Then the warmth receded.
Azhareth’s usual flatness returned like a curtain dropping.
He set the tea down and stared at the television again.
On-screen, the horned leader spoke calmly.
The camera shook as lightning descended, striking empty pavement. The ground vaporized in a perfect circle, steam rising as if the earth itself had been cauterized.
The anchor’s voice cracked with panic.
“…He said— he said next time it won’t be empty—”
Mira’s laughter was gone now.
She leaned her elbows on the table, watching Azhareth’s profile.

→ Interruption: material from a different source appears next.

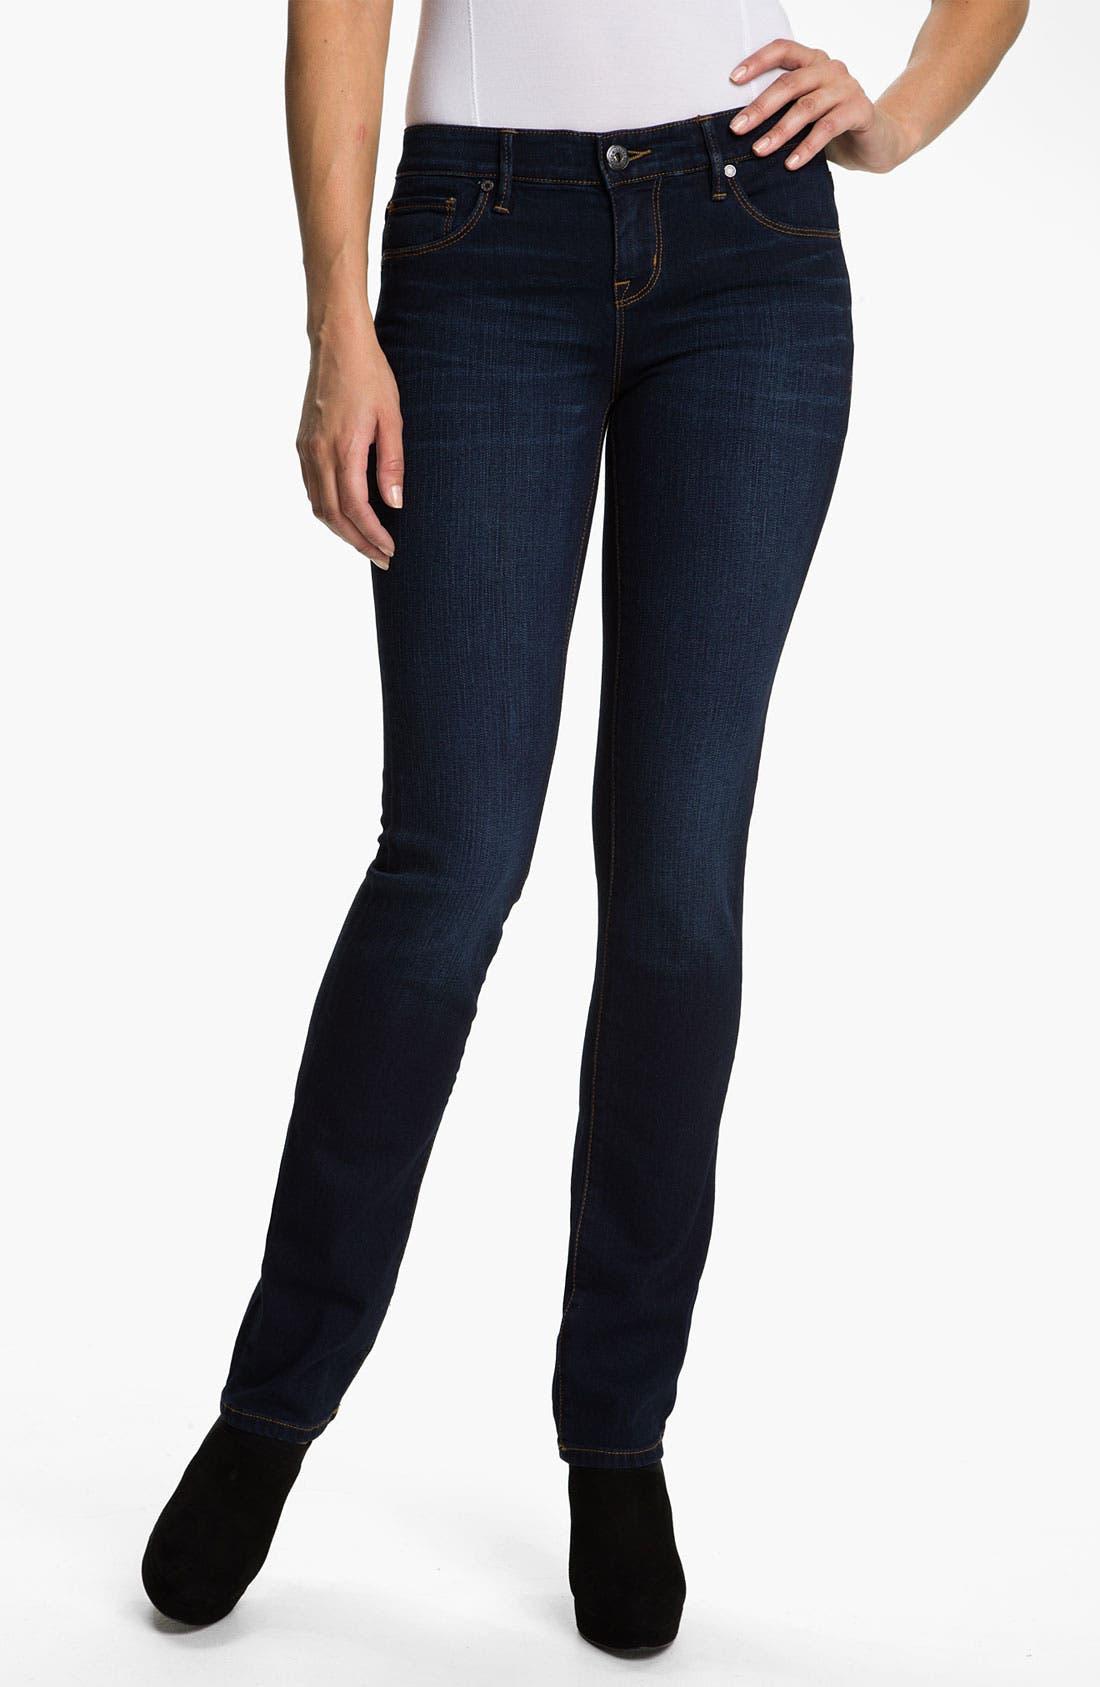 Main Image - Isaac Mizrahi Jeans 'Emma' Straight Leg Jeans (Tribeca Wash)
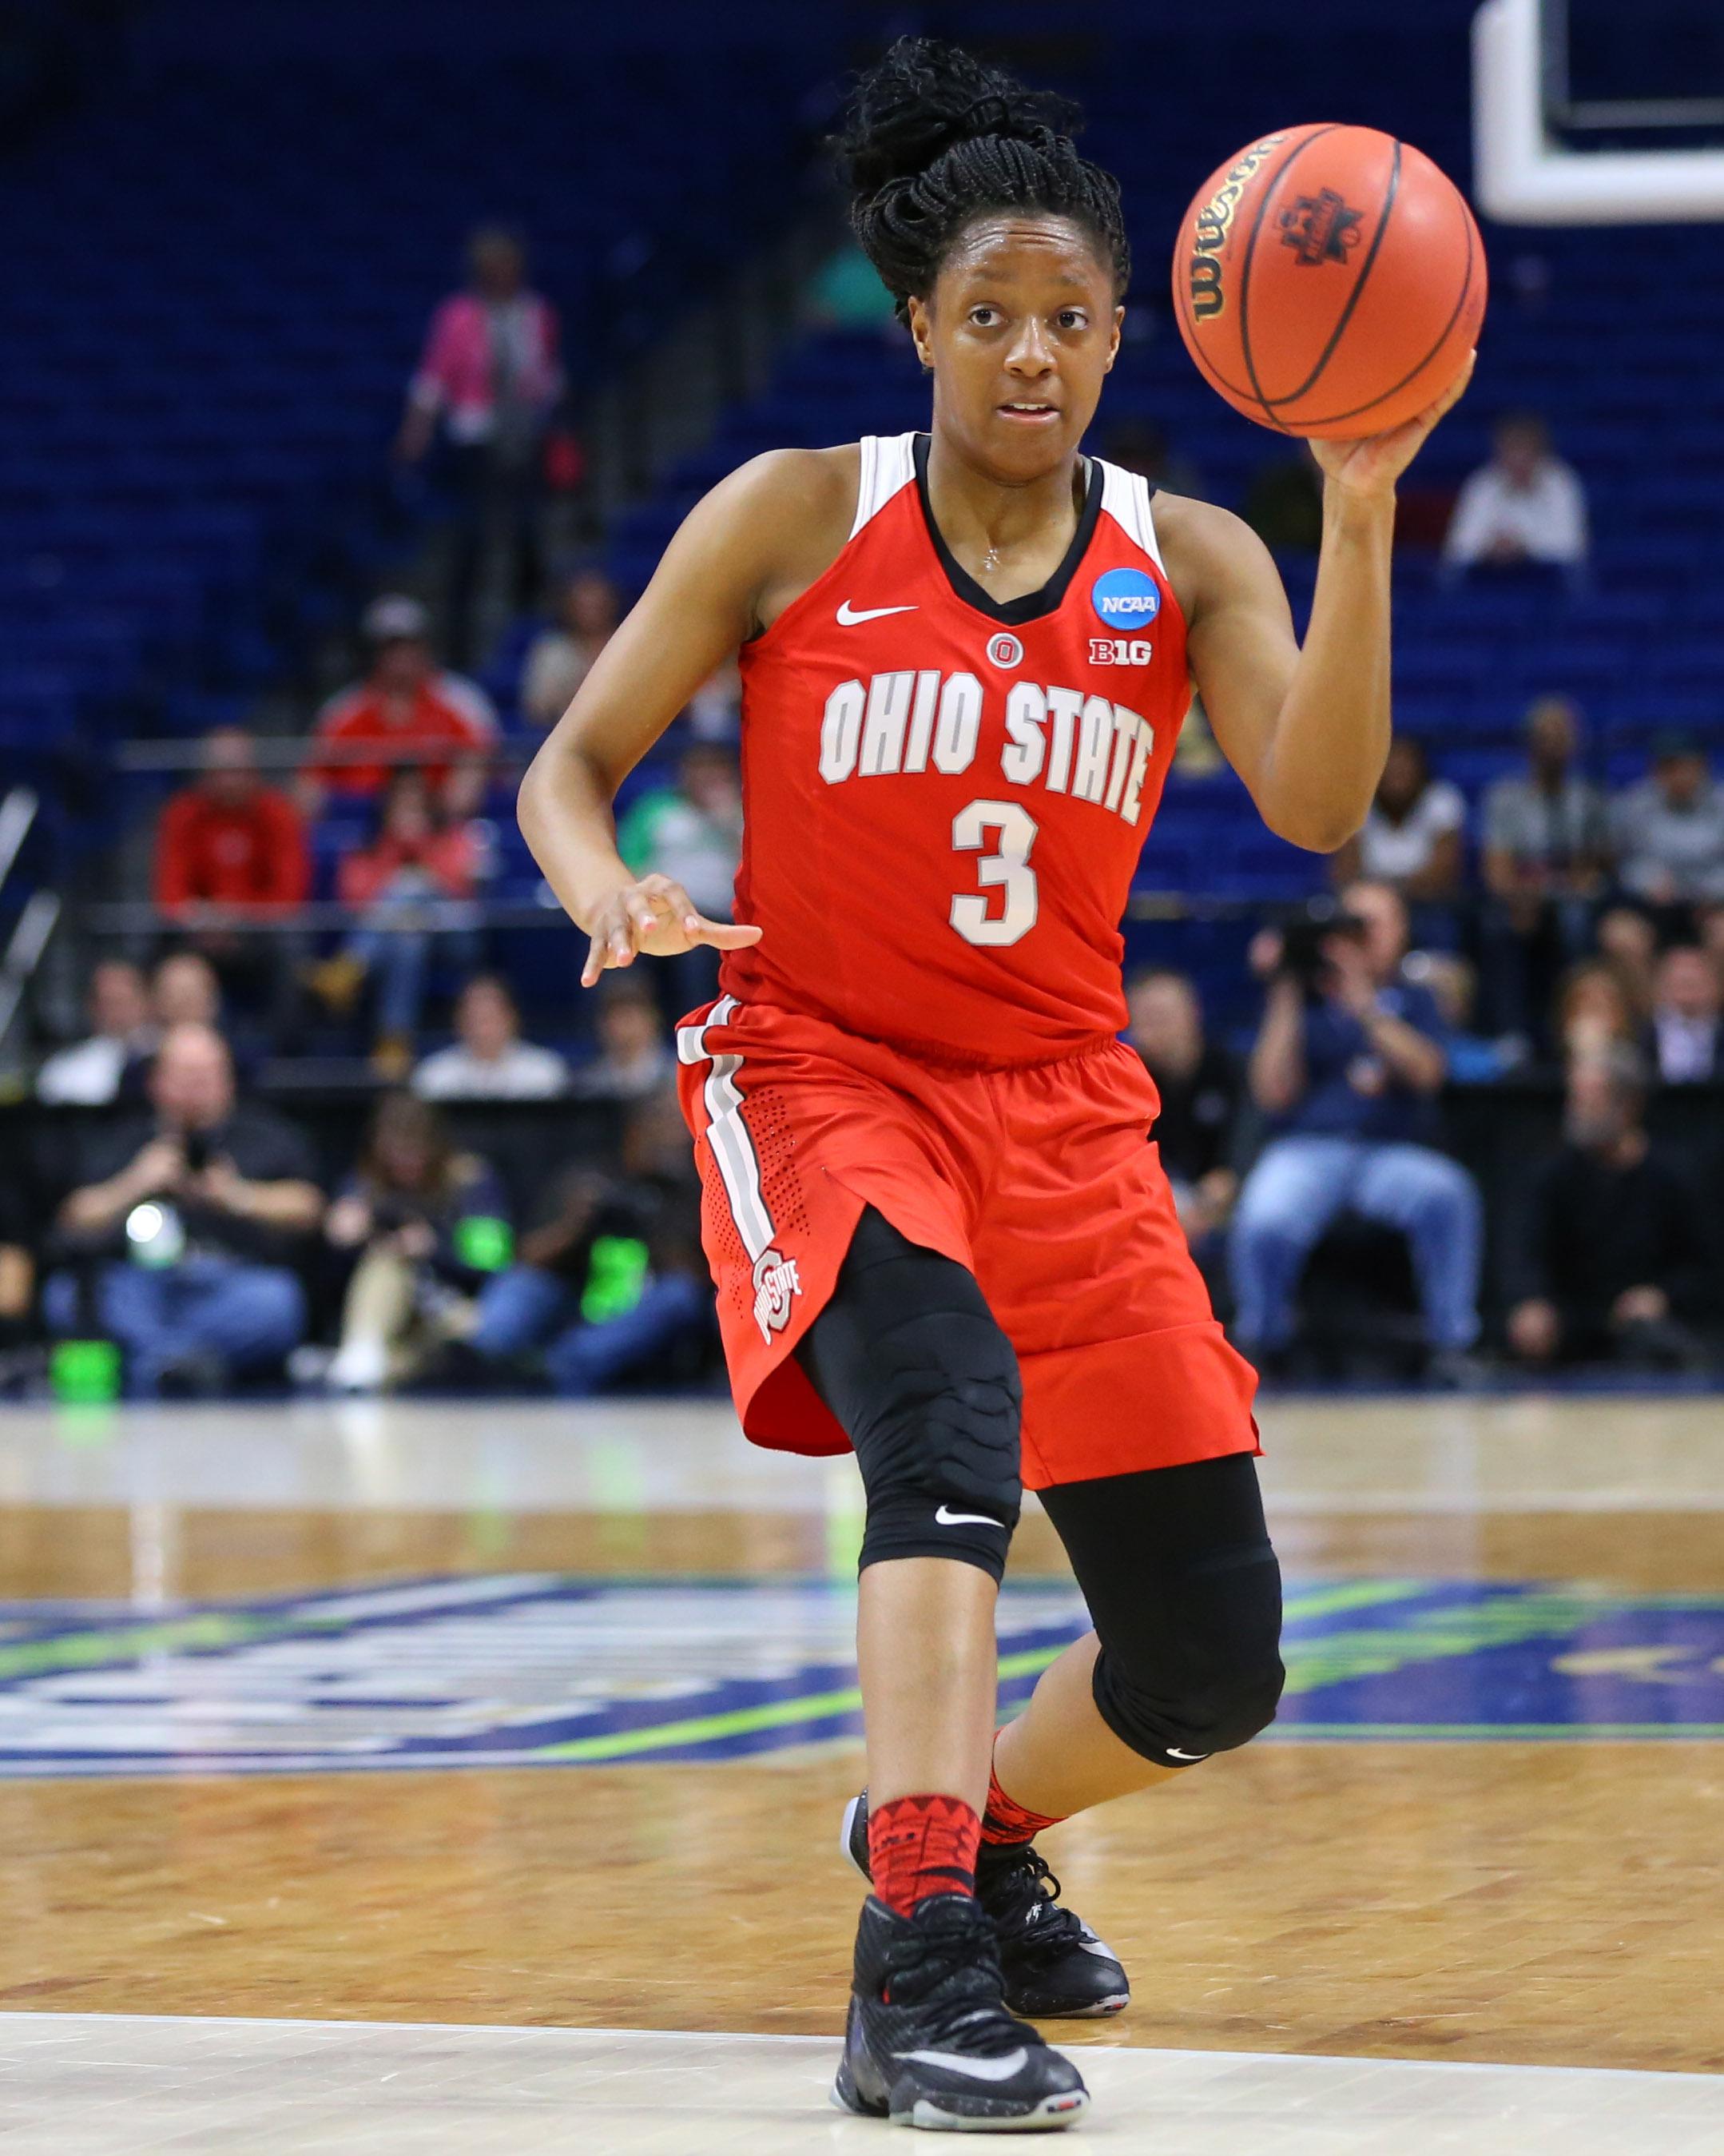 NCAA Womens Basketball: NCAA Tournament-Lexington Regional- Ohio State vs Notre Dame

“You’re not going,” she said.
Not a question.
Azhareth didn’t look at her.
“No.”
Mira nodded once, accepting it immediately.
“Good,” she said quietly. “Breakfast is better when you’re actually here.”
Azhareth’s lips twitched—barely.
The smallest crack in the cold.
Mira reached out and confiscated his cola from the fridge anyway, holding it up like evidence.
“And you can have this later,” she added, wagging it once. “Not now.”
Azhareth glared at it with silent fury.
Mira smirked.
“Don’t look at me like that,” she said. “If the world is ending, it can end after you finish chewing.”
Azhareth looked back at the screen.
He knew what this meant.
He could feel it—like pressure building behind a door.
A name he hadn’t expected to hear spoken aloud. A lineage stepping onto Earth and pointing in the wrong direction, toward the wrong person.
Toward his student.
He could end it.
One appearance. One sentence. One step outside Mira’s kitchen and the gate would close like it had never existed.
He could erase the war before it began.
He didn’t move.
He set his fork down carefully.
He stood.
Mira watched him.
“You’re thinking too loud,” she said, not unkindly.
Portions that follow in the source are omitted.